Skoro tacy gracze nie dali rady to o czym czym do cholery myślał Roger Huerta kiedy przed walką z Kenny Florianem na UFC 87 podczas wywiadu z Fighters Only otwarcie skrytykował organizacje oraz to w jaki sposób opłaca swoich zawodników. Dodatkowo Roger zasugerował że nie ma nic przeciwko aby walczyć dla innej organizacji co na pewno załatwiło mu parę punków na czarnej liście Dany White’a. Jakby tego jeszcze było mało Roger przegrał swoją walkę z Florianem czym na pewno pogorszył swoją pozycję przed kolejną rundą negocjacji z UFC.

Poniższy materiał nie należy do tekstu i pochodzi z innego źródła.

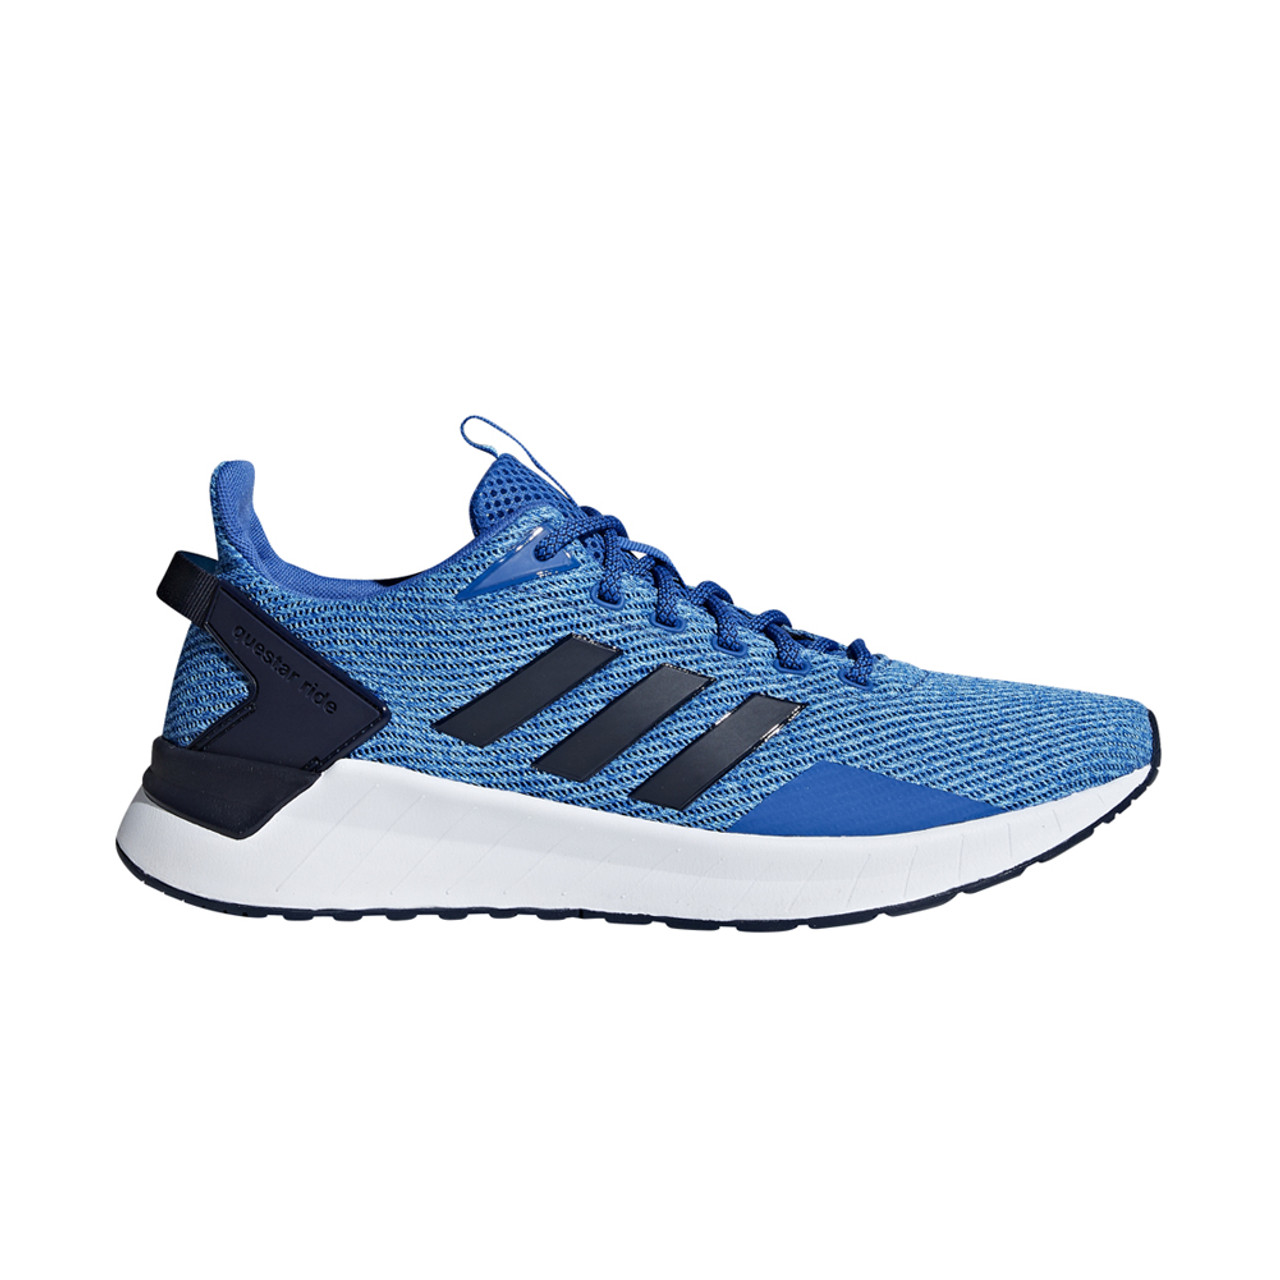 Adidas Men's Questar Ride Running Shoe - Blue | Discount Adidas Men's  Athletic Shoes & More - Shoolu.com | Shoolu.com

W jakim kierunku zmierzają owe negocjacje łatwo zaobserwować po sobotniej re-emisji gali UFC 87 na kanale SpikeTV. Okazało się że z gali UFC 87 jakimś dziwnym cudem zniknęła trzecia najważniejsza walka jaką było starcie Floriana z Huertą. Zamiast niej poszła walka McFredries vs. Massenzio. Przypadek ? Gdyby to było EliteXC to byłbym w stanie uwierzyć że któryś z matołów pracujących dla tej organizacji pomylił taśmy lub uznał że Massenzio lepiej rokuje od Huerty, ale jeśli w UFC coś takiego ma miejsce to na pewno ma to jakiś cel.
Wiemy że Kenny Florian żyje bardzo dobrze z UFC. więc akcja ta na pewno wymierzona jest w Rogera. Na moje oko to facet dalej żąda kasy jaką dostaje za walkę B.J. Penn. To że jej nie dostanie jest chyba oczywiste dla wszystkich poza Rogerem. Pytanie tylko kiedy facet sobie odpuści ? Czy naprawdę chce iść w ślady Arlovskiego i przesiedzieć rok na ławce rezerwowych żeby potem dostać walkę na undercardzie z nic nieznaczącym zapasiorem ? Nie zrozumcie mnie źle, dobry fighter powino się równać dobra kasa. Ale Huerta poza zwycięstwem z gatekeeperem Guidą jeszcze nic w UFC tak naprawdę nie osiągnął. Przy obecnej prawie monopolistycznej pozycjji UFC na rynku MMA, wystawianie się na taki strzał było co najmniej nierozsądne.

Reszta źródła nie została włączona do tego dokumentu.